Jornalistas da Associated Press encontraram, ao se aproximarem do aeroporto em Sevastopol, um bloqueio na estrada com dois caminhões militares e um punhado de homens armados em uniformes de camuflagem e rifles.

No aeroporto, voos comerciais pousavam e decolavam normalmente apesar dos homens armados. Em Kiev, capital da Ucrânia, o Parlamento adotou uma resolução exigindo que a Rússia pare de violar a soberania da Ucrânia e sua integridade territorial, pedindo ao Conselho de Segurança da ONU para realizar uma reunião sobre a crise

Os ministérios de Relações Exteriores e da Defesa da Rússia não se pronunciaram sobre o assunto. As agências de notícias estatais do país RIA Novosti e Interfax citaram um funcionário não identificado que negou o envolvimento da frota russa no Mar Negro, dizendo que os soldados russos na Crimeia não se deslocaram aos aeroportos e negaram que o Exército esteja no controle por lá.

A tensão aumenta

As relações entre a Rússia e a Ucrânia têm sido tensas desde que Yanukovych foi afastado do poder. Ele está sendo procurado pelo crime de homicídio em massa na Ucrânia e pediu asilo político para o governo russo. 
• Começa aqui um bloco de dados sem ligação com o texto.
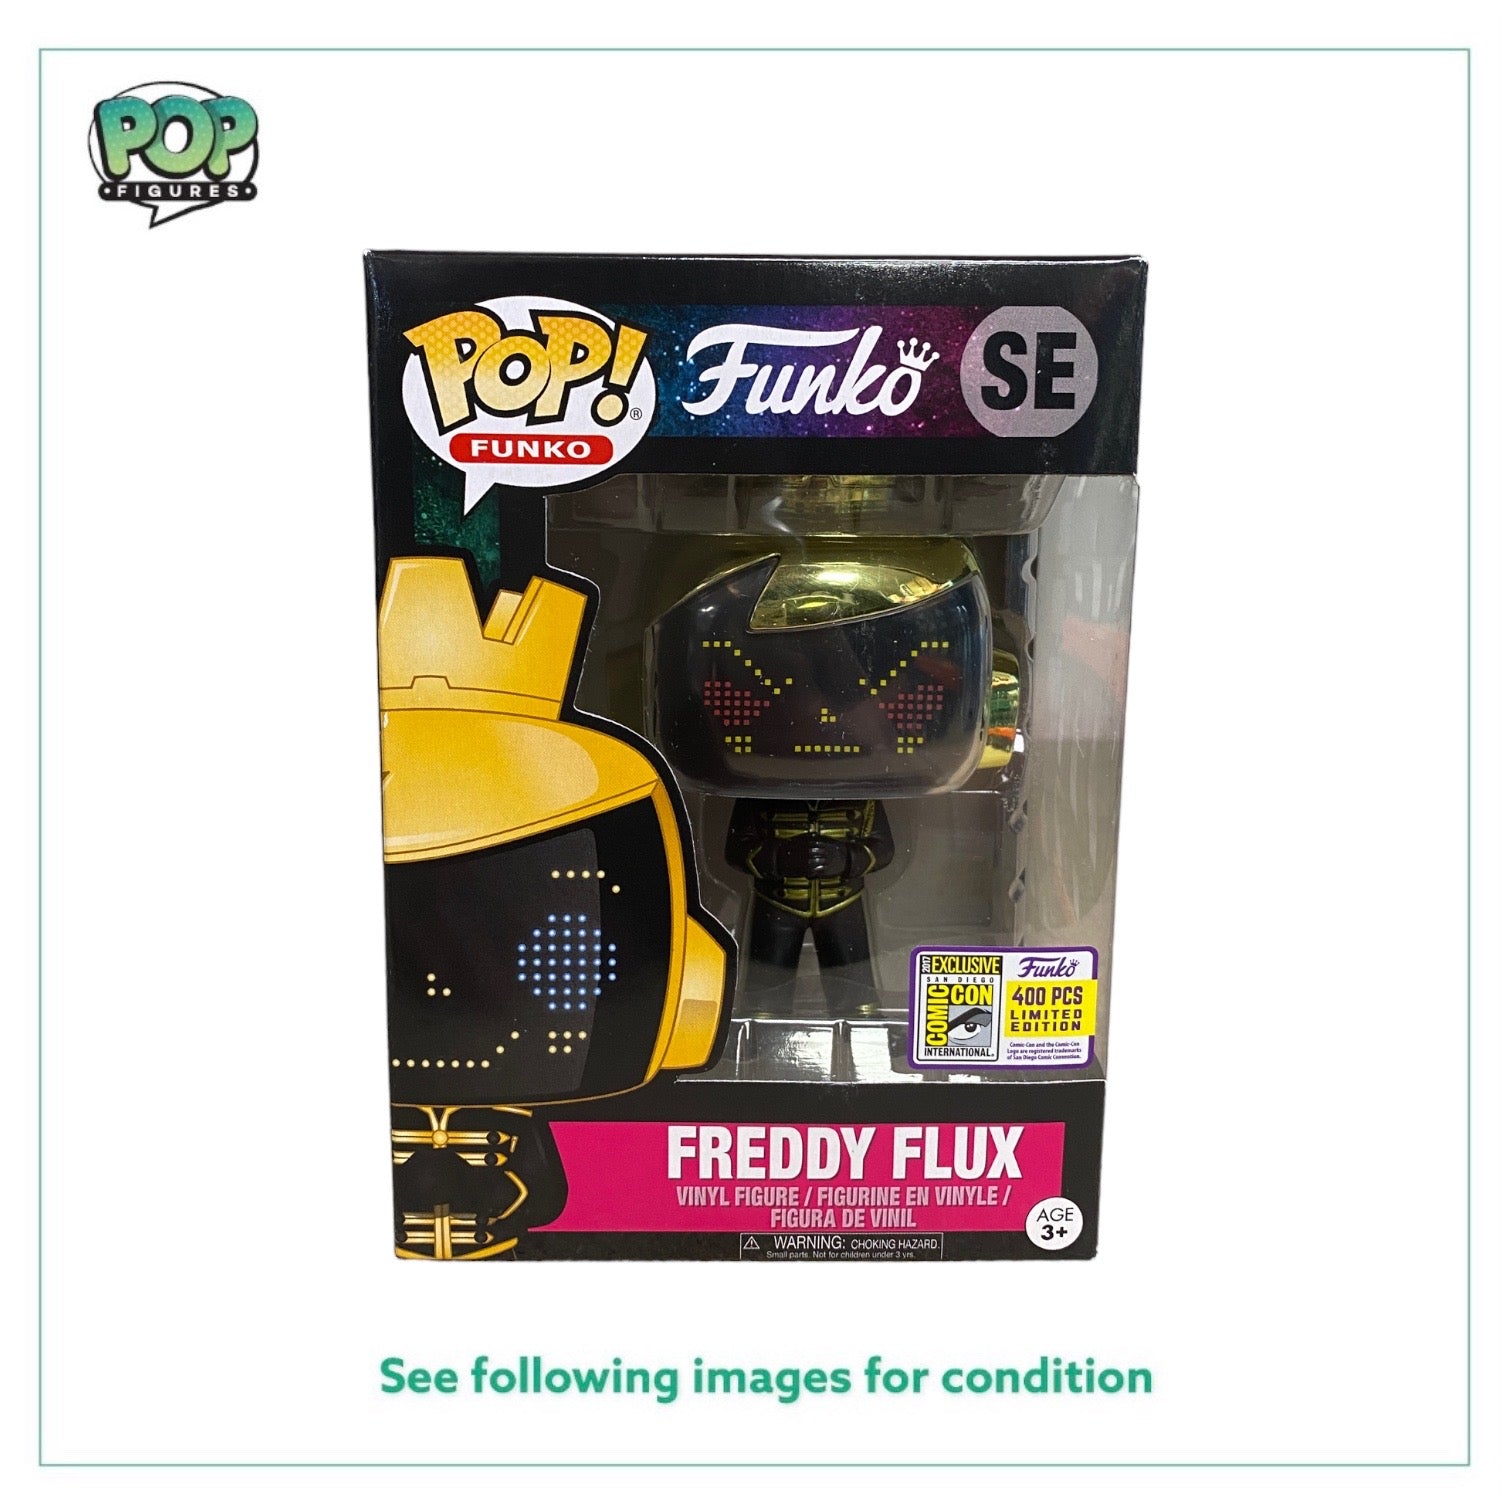 Freddy Flux Zenith Funko Pop! - SDCC 2017 Exclusive LE400 Pcs - Condition 8.75/10

Essas tensões têm sido particularmente evidentes na Crimeia, onde há um apoio popular maior a um governo pró-Rússia. Na quinta-feira (27), o presidente interino ucraniano, Olexander Turchynov, alertou a Rússia contra qualquer tentativa de "agressão militar" na Crimeia.
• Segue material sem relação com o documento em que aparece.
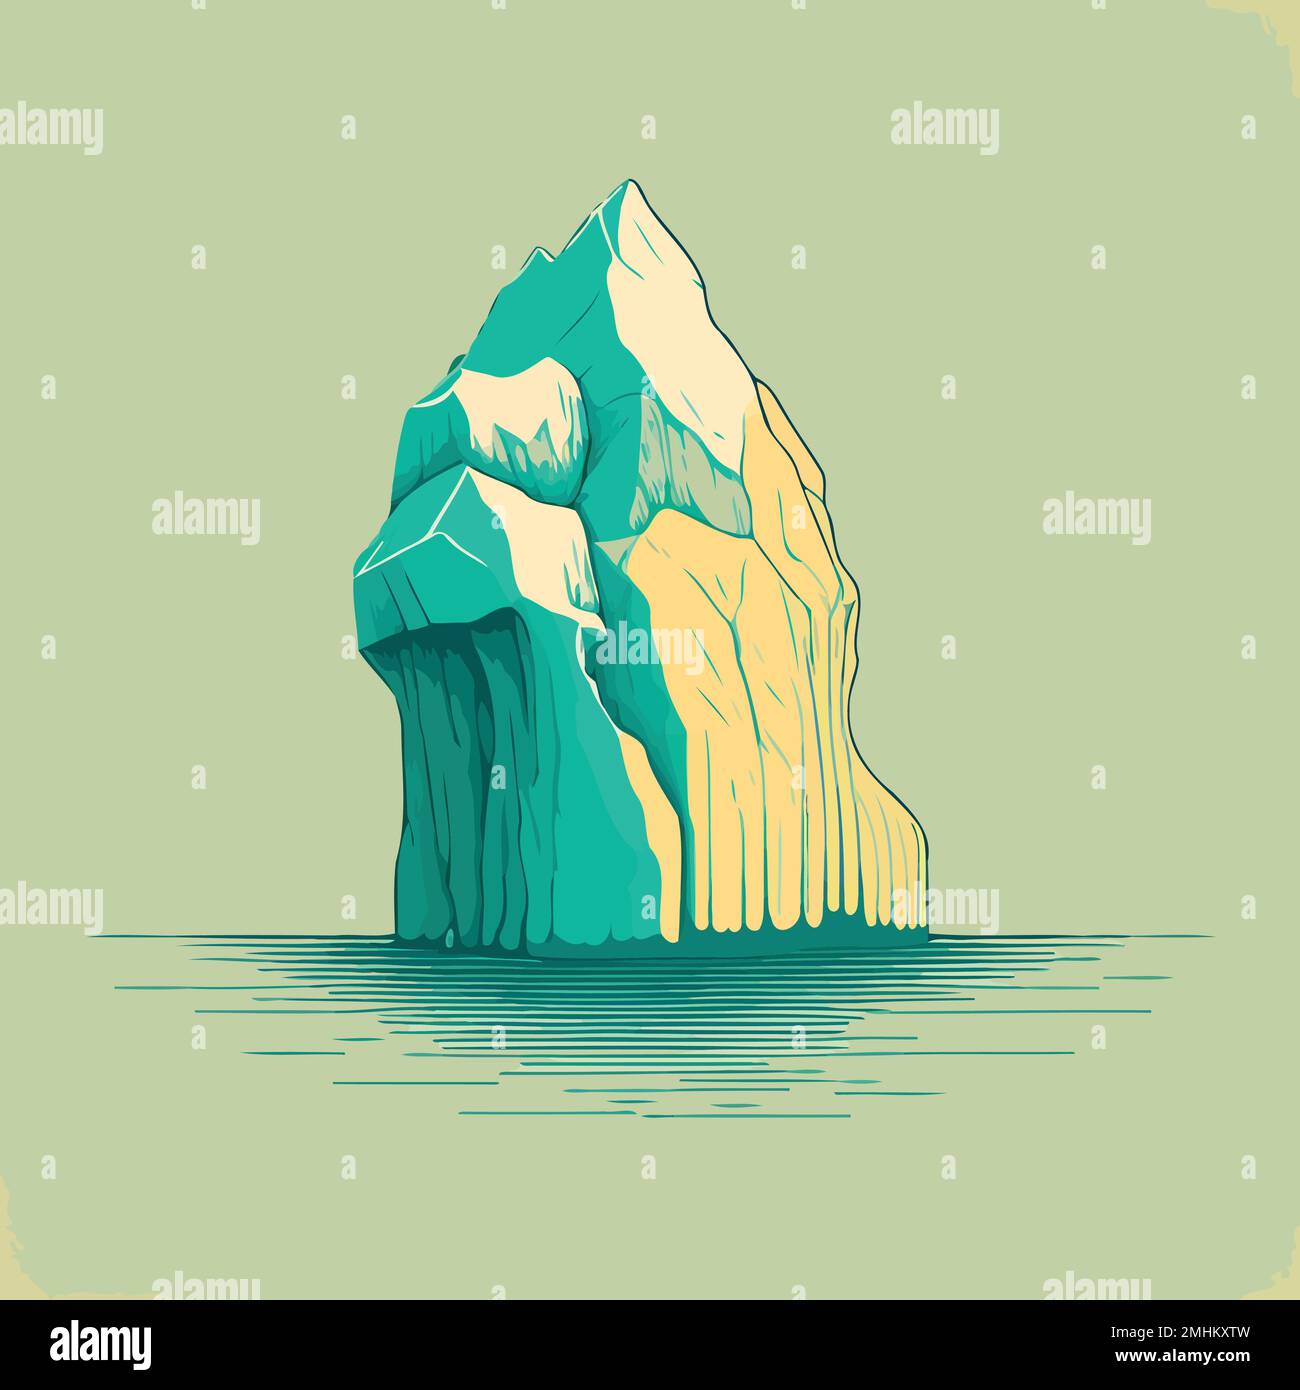 Illustrazione di un gigantesco iceberg di ghiaccio che galleggia sull'oceano Illustrazione Vettoriale

Turchynov disse que as tropas da frota russa do Mar Negro não estão autorizados a operar além de sua base naval na cidade costeira de Sebastopol. A advertência foi feita depois de homens armados tomarem o Parlamento regional em Simferopol, palco de confrontos entre grupos pró e anti-Rússia, no início desta semana.

O Parlamento da Crimeia disse que pretende organizar um referendo sobre a reivindicação de mais autonomia do governo central em Kiev. Os EUA alertaram contra qualquer intervenção militar por parte da Rússia.